Hardcover | 352 pp. | McMillan | | 1st Edition
Permanent Record is definitely not a traditional management book, of the types I would typically review on this Blog. I found some aspects of this reading relevant, and have decided to add this review. Also, have to admit I read this book in the Italian version (with the title Errore di Sistema).
The book is a memoir of the life of Snowden, and of the events that led to his massive whistleblowing, that led to the scandal of the mass-surveillance project led by the NSA. I don’t want to take a stand here on the various judgement of what Snowden did, with the extremes being of being agile spy, or a liberty hero. Also considering there are still open cases, also related to this specific book.

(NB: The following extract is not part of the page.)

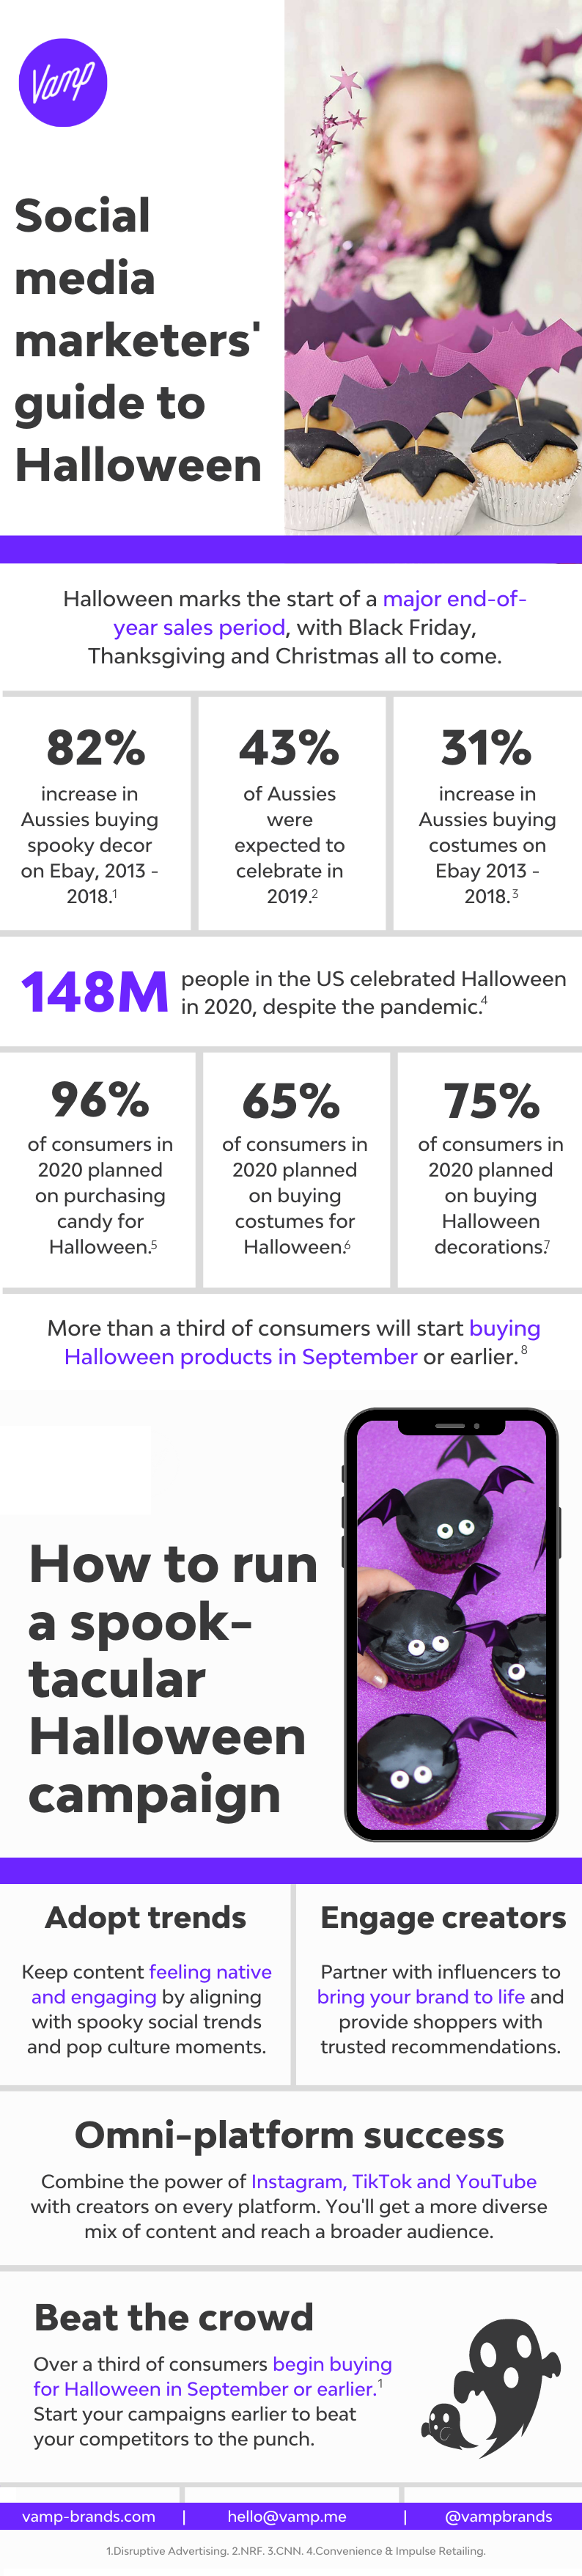 Infographie sur les statistiques et les conseils d'Halloween

I’m more interested in a subtle reading that comes through Permanent Record: a lot of the actions of Snowden have been made possible by an organisation that had yet not adapted to the way Digital Technologies influence ways of working. How many very young System Analysts exist in our organisations, with almost unlimited access to data, pools of information, system resources, with such high potential risks of manipulation? How often do we tend to outsource critical activities (and access to data) simply because internal processes don’t allow for new headcounts? What is the real role that Cloud computing can play? (Some of the most exciting views the author puts are linked precisely to Cloud Computing, that Snowden sees as nothing but a more modern way to look at a mainframe technology). Who owns data in this new digital world? A question that we have seen addressed also in another book, from a different perspective but with similar conclusions.
There are not many answers in this book, as of course, this was not the main topic covered. But the triggers of some of these topics, are truly interesting, and well deserve a more serious investigation.
Permanent Record is very well written, and especially part 2 is almost as fascinating as a spy story, with an uneasy feeling on where truth leaves the place to more fictional accounts. It starts with his youth in North Carolina, and it concludes with some few references to his time spent in Russia. He defines his “exile” there as the longest airport layover he ever did.